We have screen printed on ST350 and customers seem to like them. Pretty good product at a decent price. Yes, I also recommend keeping a couple on hand for customers to try on.


----------



## macman29681 (May 24, 2013)

superD70 said:


> I think they sublimate great, they run a little on the large side though.
> I recommend you keep some on hand for customers to try on.

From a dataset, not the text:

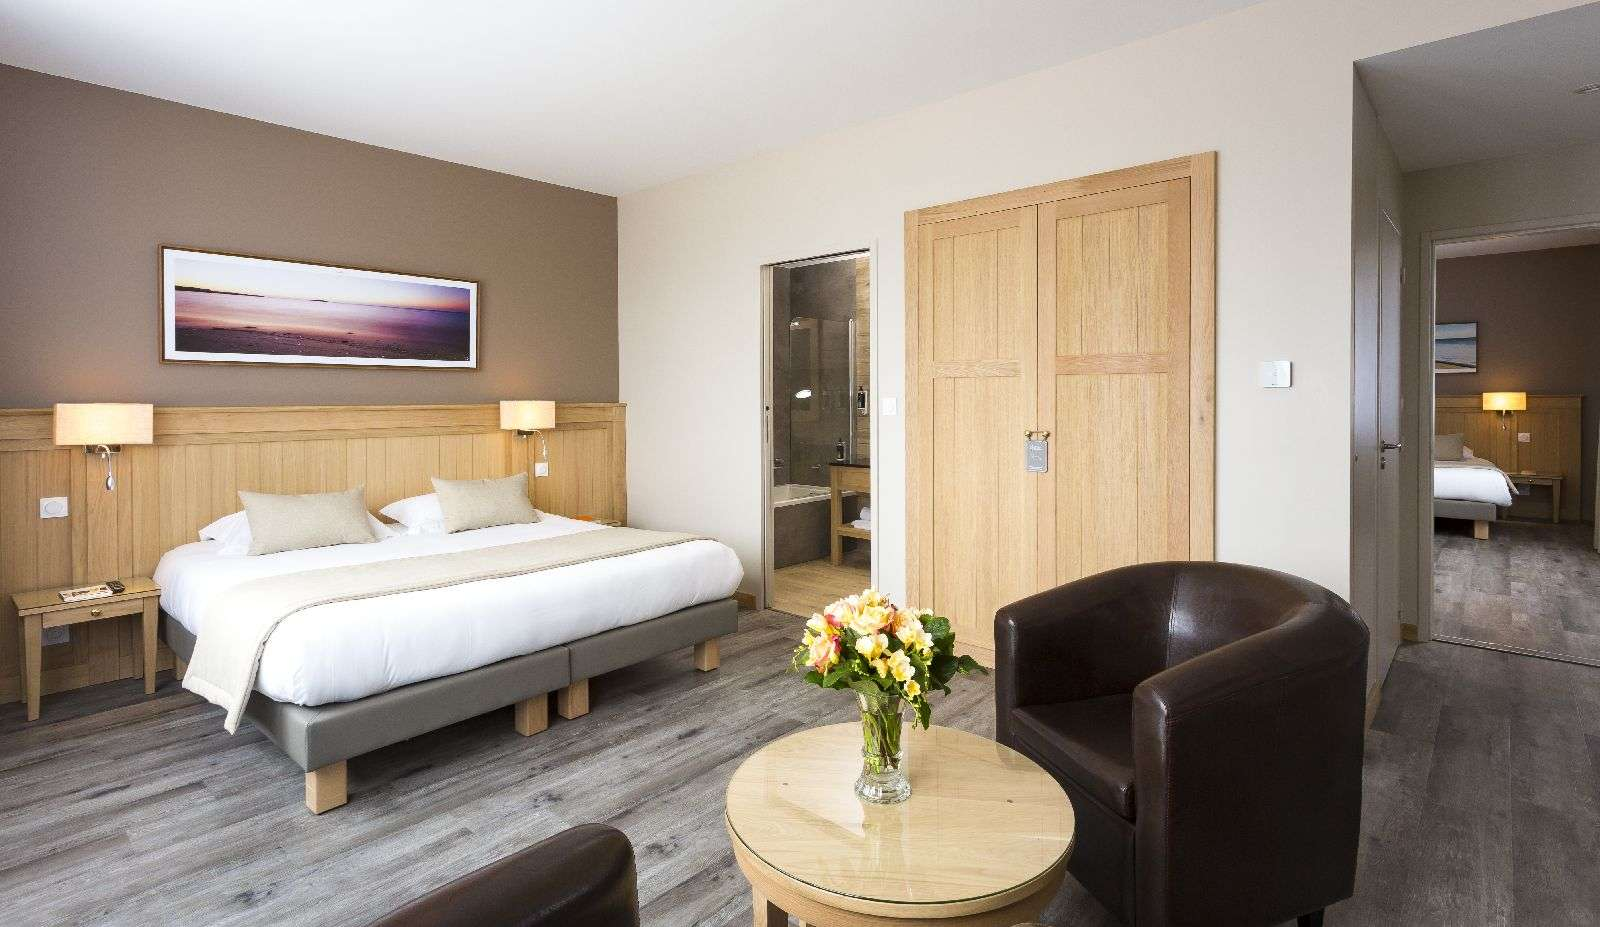 chambre-double_hebergement_hotel-le-tumulus_carnac3

I have tried to sublimate them but no matter what I do I get a press line from my 16x20 fusion press. I use a teflon pillow and really light pressure and still no success. Any advice?


----------



## superD70 (Dec 22, 2010)

I use a Teflon pillow and a Teflon cover sheet, light pressure @ 350* for 60 sec.
You are getting a press mark and not the outline of your paper? Correct?
If so I'd say your temp & pressure are too high still


----------



## macman29681 (May 24, 2013)

superD70 said:


> I use a Teflon pillow and a Teflon cover sheet, light pressure @ 350* for 60 sec.
> You are getting a press mark and not the outline of your paper? Correct?
> If so I'd say your temp & pressure are too high still


I do use a pillow and a teflon cover sheet. I always tear the paper by hand around the image to not have a line but it is always my press that leaves a 16x20 box around the shirt. The pressure reads a 1 on my fusion press.


----------



## guero3384 (Feb 21, 2011)

xcelr8hard said:


> Jesse,
> What settings are you using for the ST350? I am not having much luck.
> Thanks,
> Butch


I use medium pressure at 410 degrees for 30 seconds...


----------



## guero3384 (Feb 21, 2011)

superD70 said:


> I use a Teflon pillow and a Teflon cover sheet, light pressure @ 350* for 60 sec.
> You are getting a press mark and not the outline of your paper? Correct?
> If so I'd say your temp & pressure are too high still


I have always got the outline of the paper? If im not mistaken i think after the first wash the line comes off from the paper...


----------



## superD70 (Dec 22, 2010)

From my experience any press marks on polyester never wash out


----------